Review: We get jiggy with DJ Hero 2

And the Lord spoke unto Moses upon the mountaintop. Take these two turntables and yon microphone down to the people sayeth the Lord, and rock out on thy wheels of steel, and yea all shall be good in the world. Moses heeded the Lord’s words replying, I shall do as thy asketh O Lord, and I shall scratch most vigorously, sample and fade most diligently, until I have smote all in thy path demanding they check thyselves before they wriggeddy wreck thyselves… and the Lord was pleased and thus began the Second Renaissance of Man.

The second coming of DJ Hero, also known as DJ Hero 2 amazingly enough, is a mission statement to any developer working on a sequel.

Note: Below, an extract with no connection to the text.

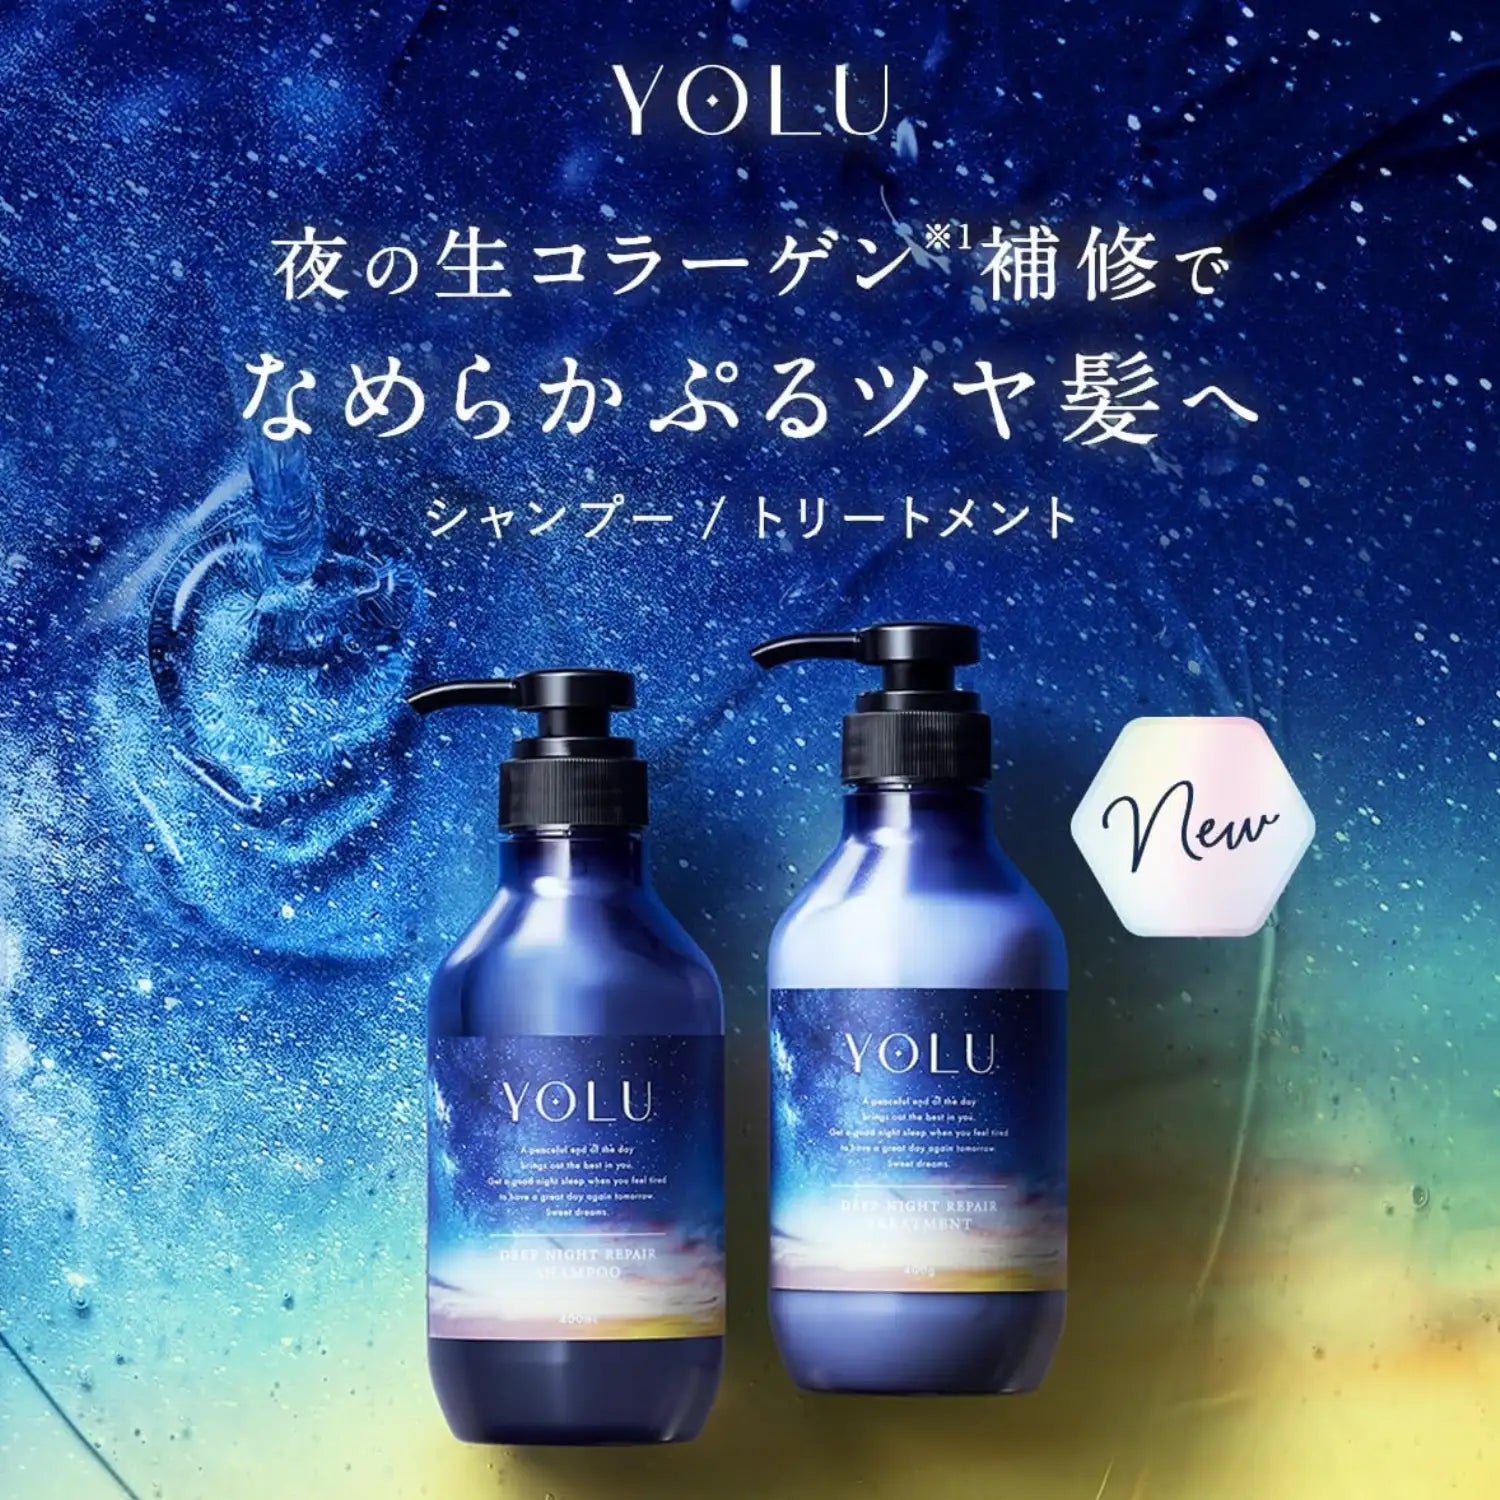 YOLU Deep Night Repair Shampoo & Treatment Set (400ml Each) - Buy Me Japan

It is your duty to maintain all the awesome of the original, address and correct every niggle and annoyance that wasn’t and deliver the goods. As a huge fan of the previous version (and Hip-Hop in general), and considering the path of other music inspired titles like Guitar Hero or Rock Band, I was expecting very little to change. Perhaps a coat of new paint at most, not the welcome tinkering under the hood that DJ Hero 2 received.

DJ Hero was a ridiculously enjoyable party game. It was the perfect balance of fun and challenging gameplay, though it did have some issues. The menu system was unnecessarily trying to navigate, the song difficulty was inconsistent and it didn’t fully capitalise on the opportunity to battle against your mates. DJ Hero 2, however, is in my humble opinion, the finest music based title the videogame industry has yet seen.

Everything about this sequel is a logical progression. You start flitting about random tracks, with each set in order of difficulty and it even breaks it down further to differentiating between scratches, samples, crossfades and the like. Here is where you get your feet wet. Once you feel comfortable enough, it’s time to tackle Empire Mode, where you try to win the crowd over several mega-mixes (each lasting at least 3 songs) testing your mettle and endurance to get a consistent 5 star rating. If you do, you challenge the resident DJ to battle and move on to the next venue building your club cred, which is a brilliant way to become acclimatised with the deeper versus mode.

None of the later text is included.